**TASK OBJECTIVE:**
Look through the records below for the line with "Полуавтоматический складной нож". Return that line and each one after it up to and including the line with "Apple iPhone 15", exactly.

**TASK INPUTS:**
◇ ◇ ◇ ◇ ◇ ◇ ◇

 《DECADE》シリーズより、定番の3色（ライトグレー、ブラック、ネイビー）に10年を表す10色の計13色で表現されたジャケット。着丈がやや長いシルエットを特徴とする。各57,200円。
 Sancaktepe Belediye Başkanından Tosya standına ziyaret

◇ ◇ ◇ ◇ ◇ ◇ ◇

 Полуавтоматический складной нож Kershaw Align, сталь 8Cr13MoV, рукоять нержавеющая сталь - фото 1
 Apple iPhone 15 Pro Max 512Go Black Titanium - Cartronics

◇ ◇ ◇ ◇ ◇ ◇ ◇

**FINISHED EXERCISE:**
 Полуавтоматический складной нож Kershaw Align, сталь 8Cr13MoV, рукоять нержавеющая сталь - фото 1
 Apple iPhone 15 Pro Max 512Go Black Titanium - Cartronics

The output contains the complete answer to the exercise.